When a reader-facing knowledge page needs provenance:

  • keep provenance at the bottom of the page
  • use Representative Source Spine rather than workflow-heavy wording
  • do not place provenance sections before the main biological interpretation

Maintenance-language rule

If a section mainly tells the reader what evidence would strengthen the page later, use Future Expansion Directions.

If a section mainly tells the reader when the synthesis should be reconsidered, use When To Revisit This Page.

If the content is really curator workflow rather than reader guidance, move it to audit/ or log.md instead of keeping it in a knowledge page.

Evidence Tags

Preferred tag families include:

  • source type: #source/literature_pdf #source/primary #source/review
  • species: #species/mouse #species/human #species/mixed
  • tissue/context: #tissue/lung #tissue/gut #tissue/skin #tissue/nasal_polyp #tissue/systemic
  • cell focus: #cell/ILC1 #cell/ILC2 #cell/ILC3 #cell/NK #cell/macrophage #cell/monocyte #cell/T_cell #cell/B_cell
  • assay: #assay/flow #assay/scRNAseq #assay/RNAseq #assay/in_vivo #assay/in_vitro #assay/KO
  • outcome: #outcome/inflammation #outcome/infection #outcome/repair #outcome/homeostasis #outcome/airway_hyperresponsiveness
  • project axis: #axis/ILC_lung_homeostasis #axis/ILC_lung_infection #axis/ILC_airway_inflammation #axis/ILC_plasticity

Topic, entity, and digest pages should store tags in two compatible layers:

  • YAML frontmatter tags: without the leading #, so Obsidian can index them as page tags.
  • A visible ## Evidence tags section using inline-code tags, for example `#cell/ILC2` `#tissue/lung`.

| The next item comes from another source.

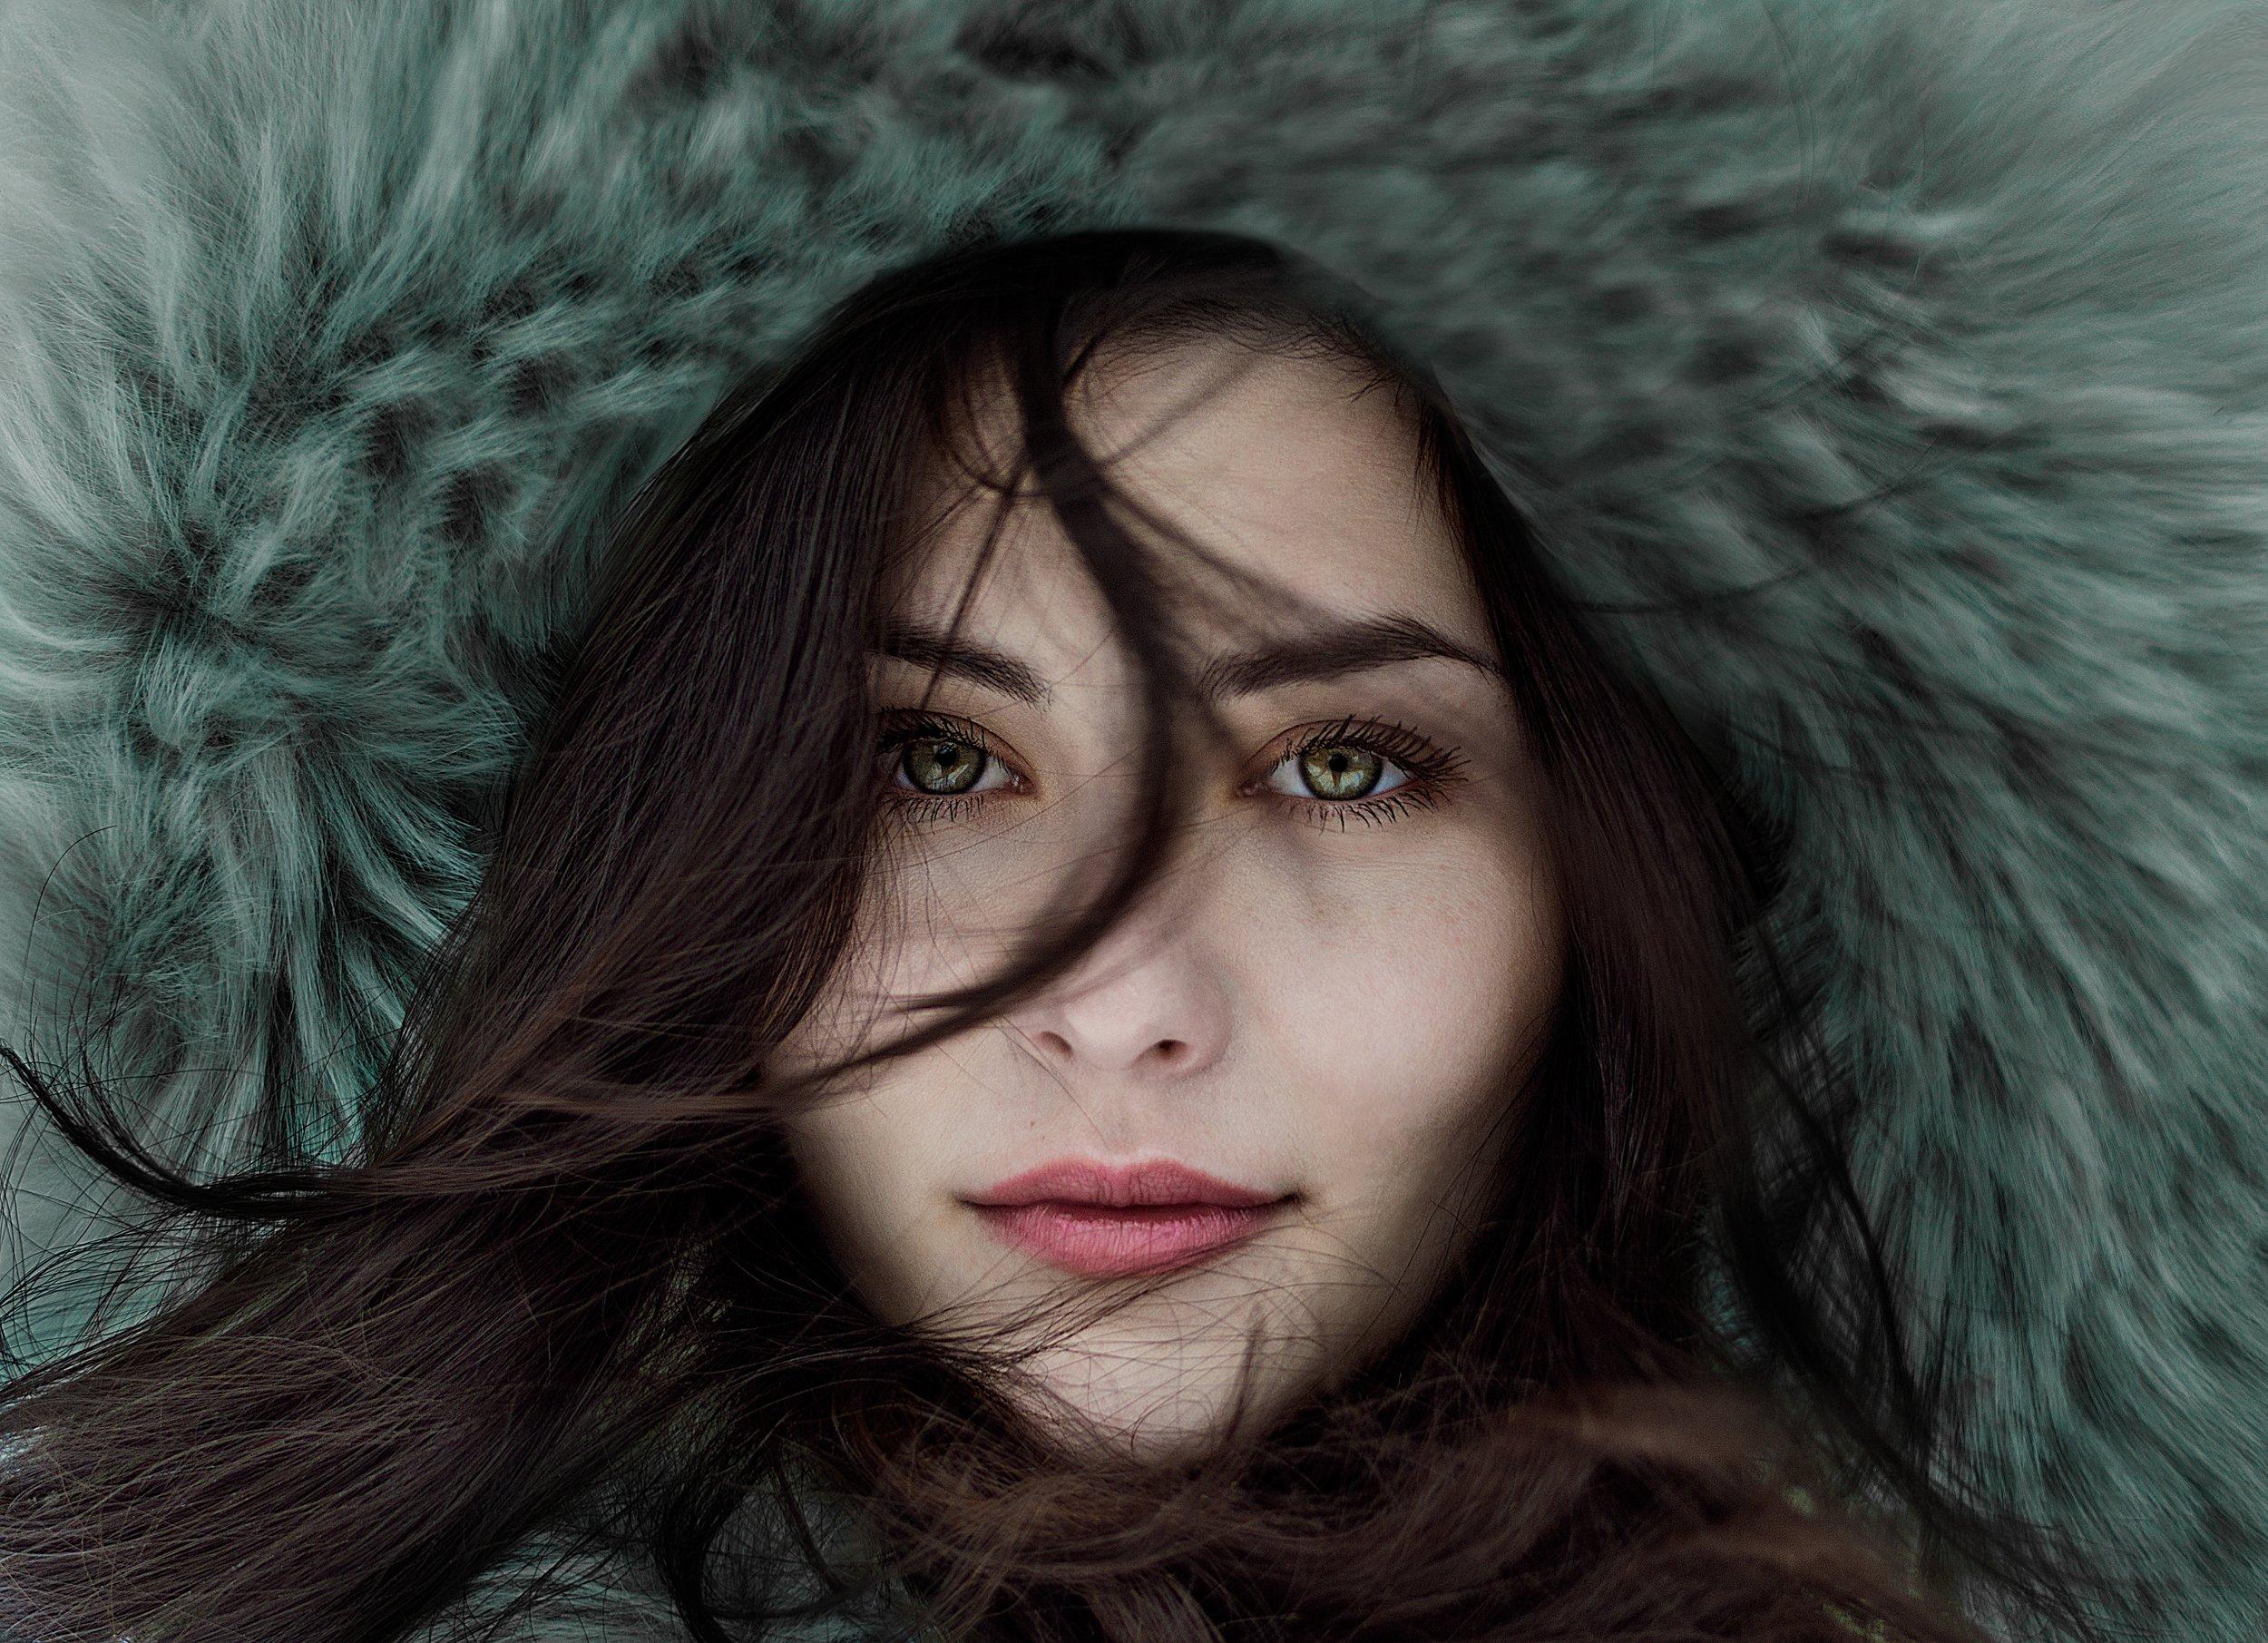 Winter girl - green eyes.jpg
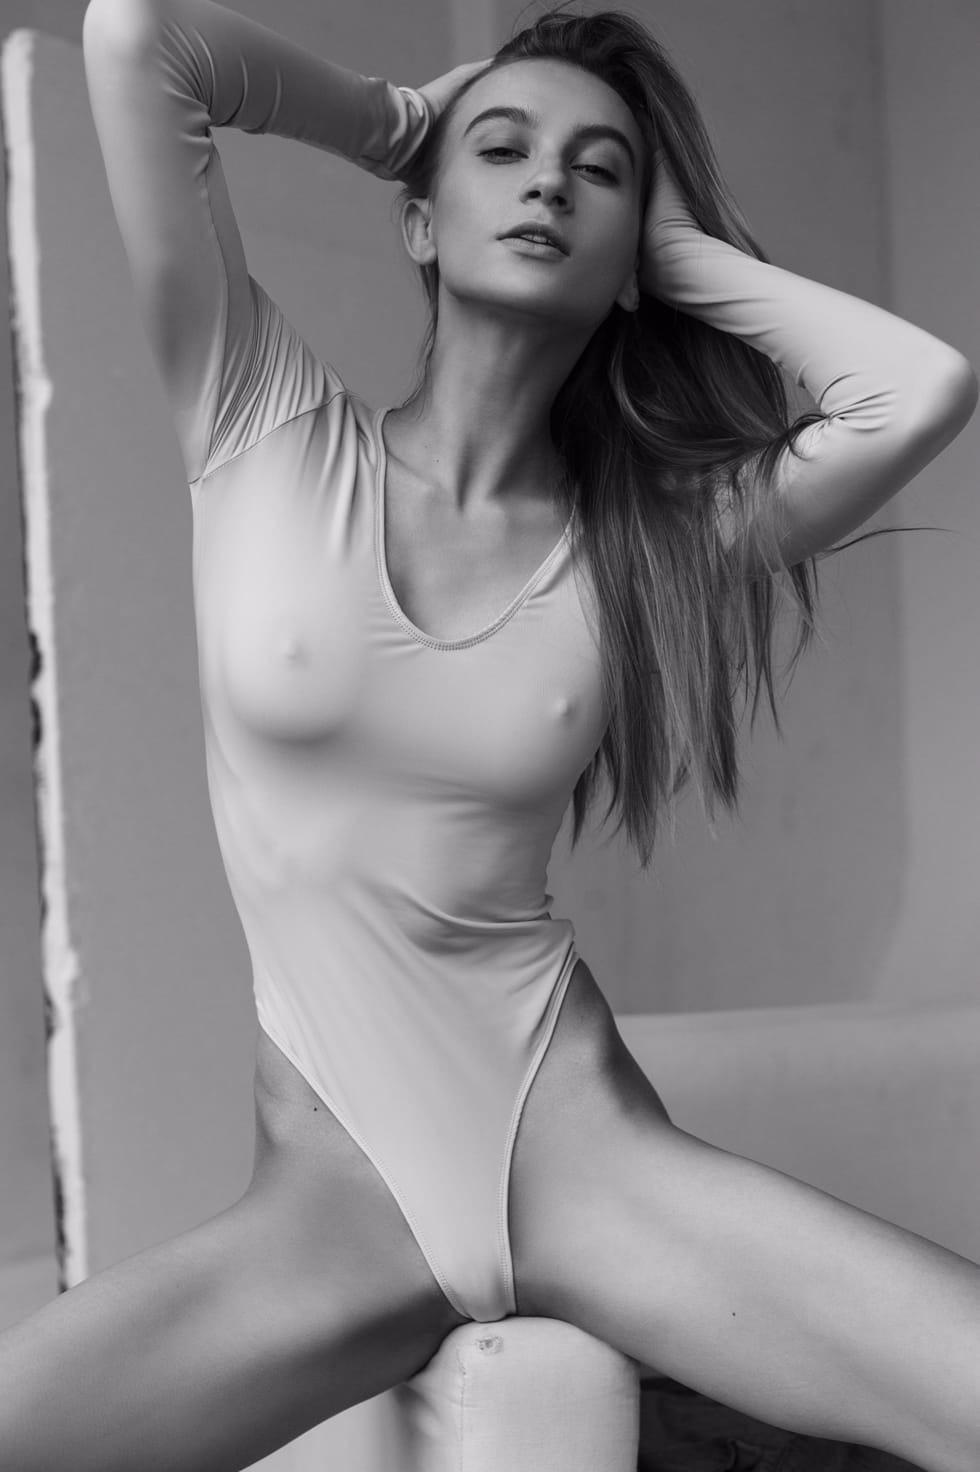 Ekaterina Ovchukhova by Yura Ionov

Do not place raw #tag text at the start of a line in page body text. MkDocs/Python-Markdown interprets a line-start #tag as a heading, causing oversized browser rendering and incorrect document structure.

Ingest Rules

  1. Confirm the source exists in RAW/.
  2. Choose and record the ingest mode.
  3. Extract full text into private extracted text artifacts omitted from public export.
  4. Create one source page in wiki/sources/.
  5. Use conservative tags for automated pages, but keep Claim-Level Confidence claim-centered. Do not assign low confidence merely because the page came from automated extraction.
  6. Move the processed PDF to RAW/processed/ only after source-page and text extraction succeed.
  7. Update index.md, log.md, and the manifest.
  8. Do not update durable synthesis pages from provisional bulk ingest alone.

Manual Review Rules

Before promoting claims into topic, entity, digest, or project pages:

  1. Read the source page and extracted text.
  2. Verify species, tissue, model, intervention, and assay.
  3. Add source-supported findings with confidence levels.
  4. Note contradictions or context boundaries.
  5. Update related topic/entity/project pages only when justified.